Heldon / Electronique Guerilla - this album has been accurately described as French hybrid of Tangerine Dream and Fripp & Eno. The new 50th anniversary edition is on very nice blue vinyl.

David Bowie / The Man Who Sold the World - I never had an original UK pressing of this. Now I do. Makes every other version sound like something's wrong. The bass on 'Width of a Circle' made my woofers run down the hall and hide under the bed.

Taste / Live Taste - Failure to like Rory Gallagher would be a character defect in my view. The UK pressing is the best-sounding version, which still doesn't mean it's good. Mind you, this thing rocks, rocks again then rocks a bit more before, finally, rocking.

Glotz's picture

That Taste album will be getting snatched up! Kudos on finding Bowie's 'Man'... I am very jelly.

And I will search out Heldon for sure. Nice finds, Rich.

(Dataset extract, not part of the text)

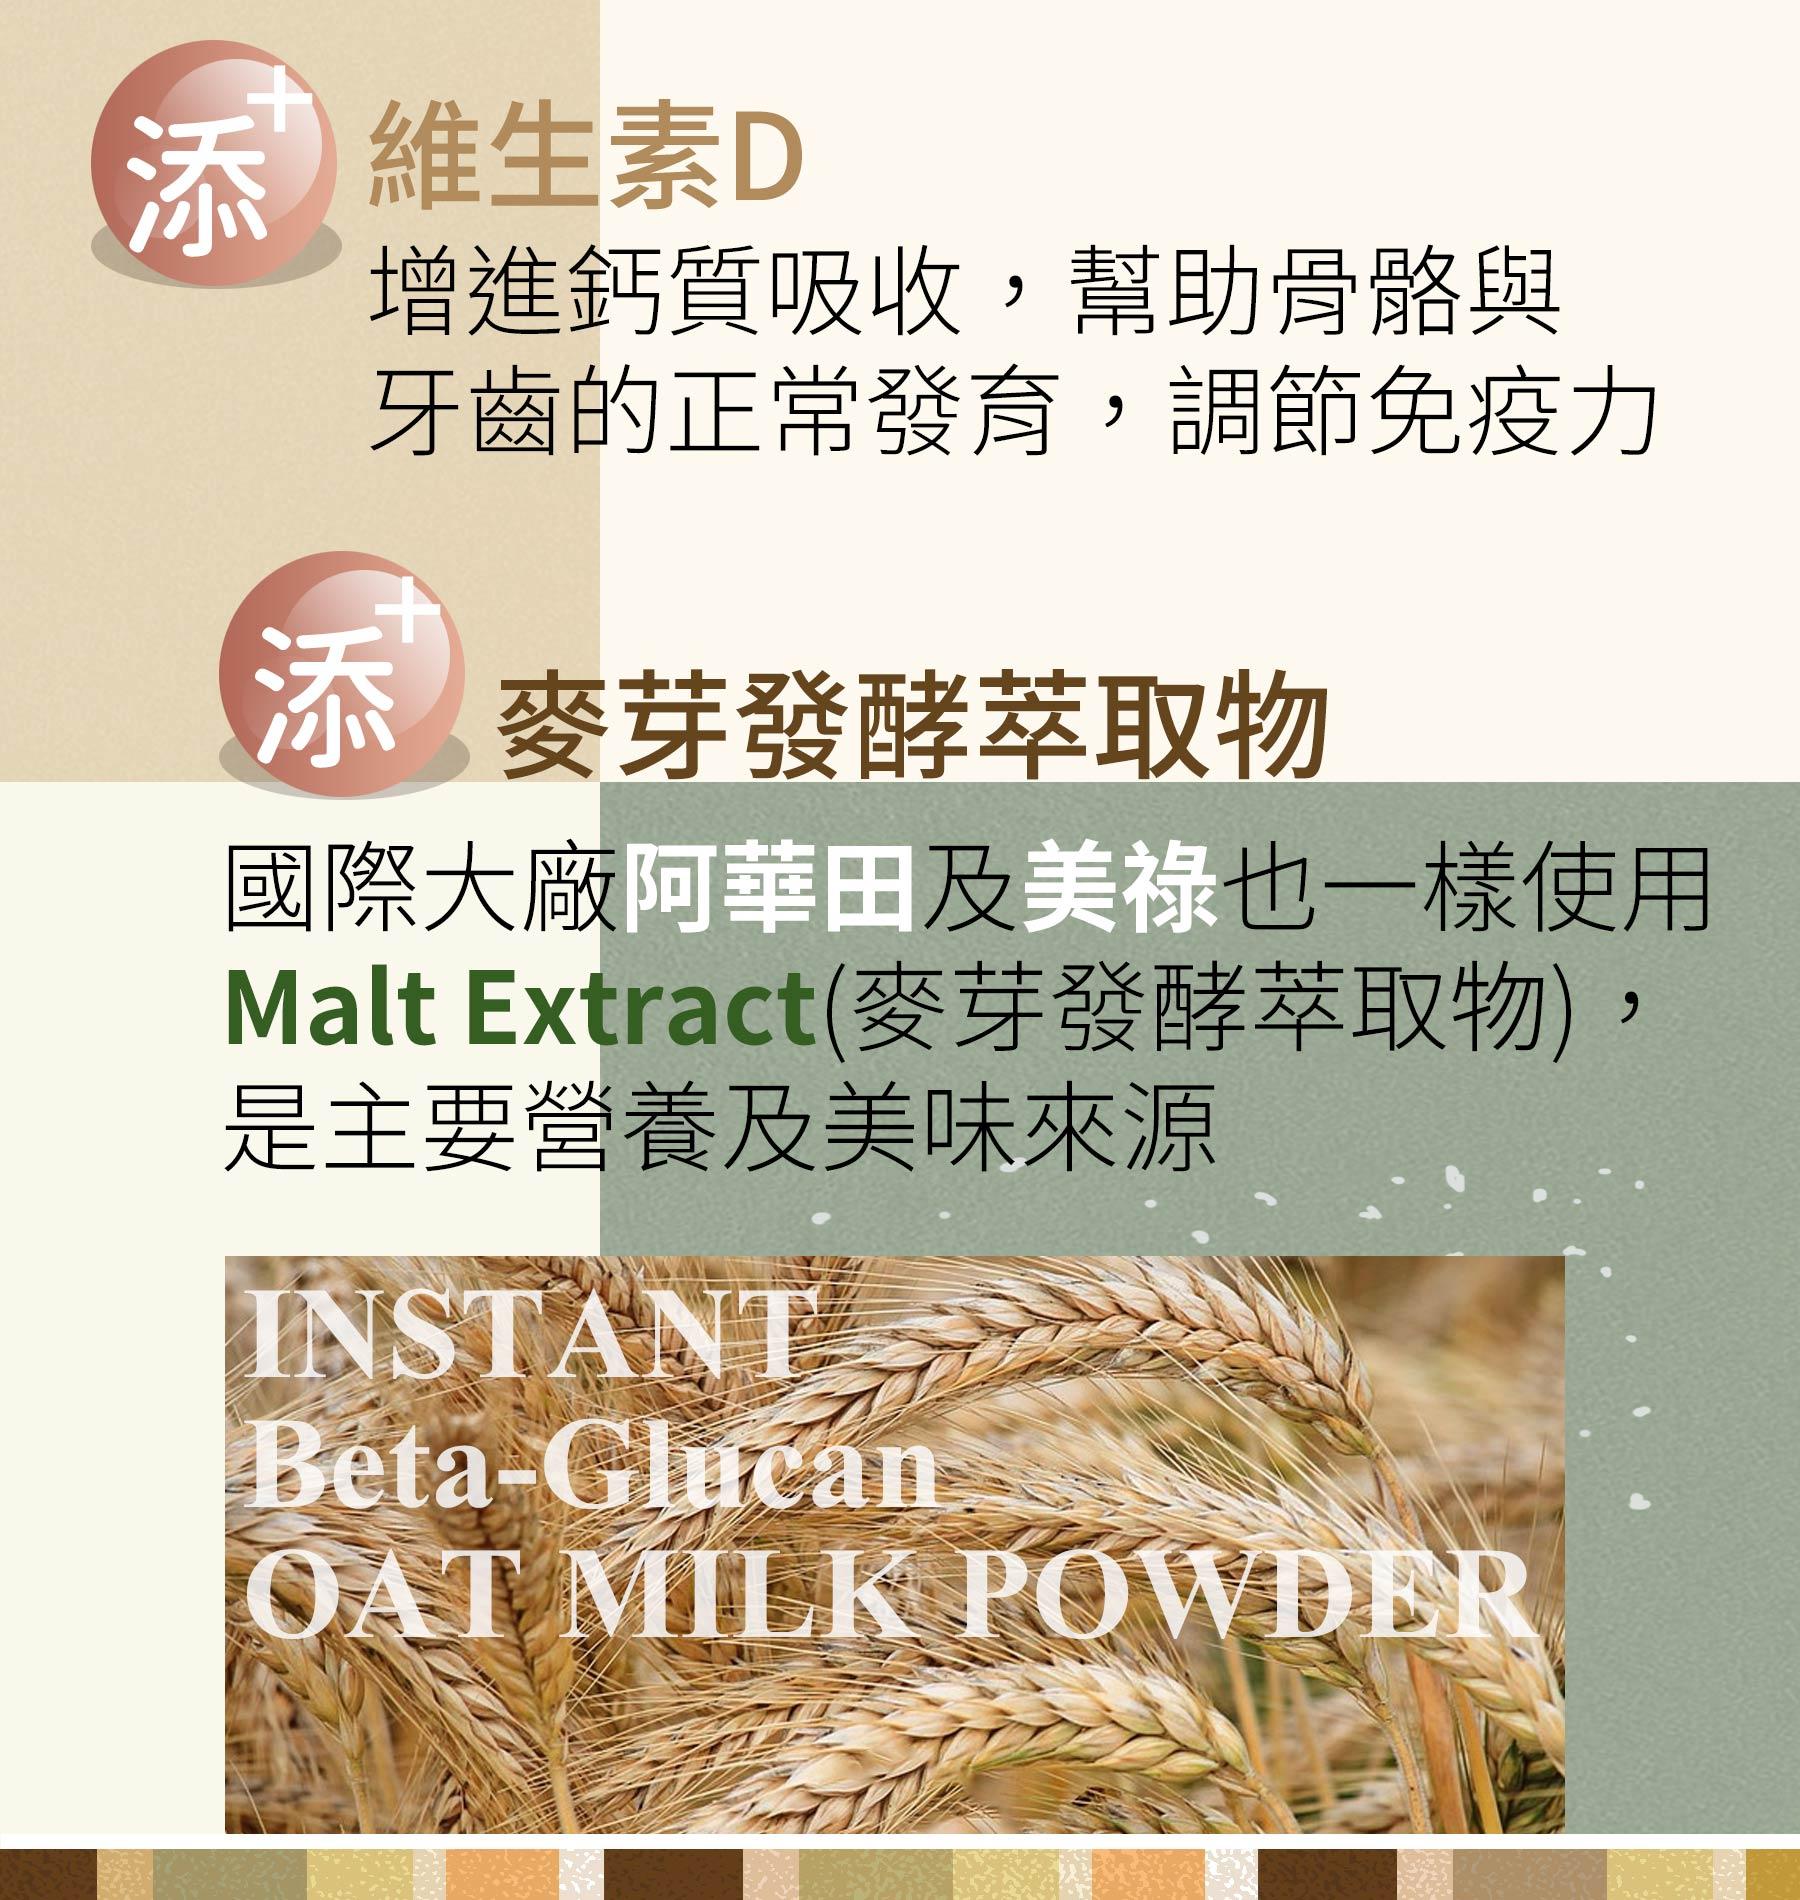 即溶葡聚醣酵解燕麥奶添加維生素D及麥芽發酵萃取物

And that Cyrus phono looks quite the part.

Mike Mettler's picture
Love those recs, Rich! Have the Bowie, have always loved Taste (but don't yet have that one on vinyl), and need to reacquaint myself with the Heldon...

You know, maybe we should serve up, say, a monthly Review Explosion installment from the AP readership file... you guys send me recs with a graf or two about them as Rich has done above, I curate/lightly edit, and then post accordingly... thoughts?

rich d's picture

Thank you both for your kind words and I think Mike's idea is a good one. Incidentally, I picked up the Bowie record stupidly cheap at Running Circle records, a new(ish) place in Nottingham. The same place had the special 2x10" version of Holger Czukay's 'Der Osten ist Rot' for nextanuttin.It's quite good. Also went to the Bristol HiFi show that weekend and a vendor was selling records which command silly premiums on discogs/ebay for five quid each. I'm back home now and the record prices are a bit less kind but what can you do...

volvic's picture

I got one and I do love it. Especially the idea of being able to adjust settings with a remote rather than dip switches underneath, why don’t others offer this flexibility? The ability to adjust from your chair and evaluate which setting is best is a great bonus. The other bonus is the four inputs, I’ve got three tables plugged in and love the flexibility it offers. Sound wise I find it very neutral, I say that because I had a Linn Linto to compare and found that to be sweeter and nicer to listen to, I preferred the Linto to the neutral Cyrus, but the Linn doesn’t have the flexibility the Cyrus offers. Both offered great inner detail. I am hard pressed to see what improvements they’ve offered from the one I own, I don’t think there’s been any radical overhaul. I really love it and rate it very highly.

volvic's picture

The extra power supply beefs up the sound and instruments, so to me it was an essential purchase. Wouldn’t buy the preamp without the PSX-R2

Viggen's picture

I would echo Volvic's appraisal (below) of the Cyrus phono. I have owned the original 'Signature' version with the PSXR2 supplementary power supply since 2017.
I value its neutrality highly, although others may prefer a phonostage that 'adds something' of its own character. However, I prefer to have a neutral platform and can then rely upon the characteristics of the phono cartridge(s) to add charm or sweetness, or not. Mine is paired with an SME20/2 and Musical Fidelity M1 turntables. Operationally, the Cyrus is a delight to use.
When Michael Fremer reviewed the 'Signature' version, he commented upon its neutrality but perhaps this was 'damning with faint praise', since he considered it to be of 'Class B' standard. In his defence, when I wrote to Michael, genuinely to ask him what characteristics the Cyrus was lacking that I might find in a 'Class A' phonostage, he responded that 'not everything can be Class A', which left me little the wiser, but perhaps offered me some insight into the dilemmas of a seasoned hifi equipment reviewer.
My experience with highly 'neutral' components (and which is an observation regularly made about the SME turntable) is that they can initially seem somewhat 'underwhelming' until one later comes to realise that it is the very absence of colourations and 'false' dynamics that gives this impression: psychologically, it is notable that we all initially tend to prefer (and judge as accurate) a sound balance to which we are already accustomed over an unenhanced/neutral presentation.
Equally, we each have our own 'tastes': it would not do if we all liked the same thing?
Hence, I regret that my children consider my Graham LS5/5s to be distinctly 'dull', and much prefer the 'boom & tizz' of their own accustomed loudspeakers. Consequently, I do sometimes berate myself that I have failed fundamentally in one of my primary tasks as a parent, that is, the task of educating my offspring to appreciate the accurate reproduction of music. Perhaps I am not alone in that sentiment?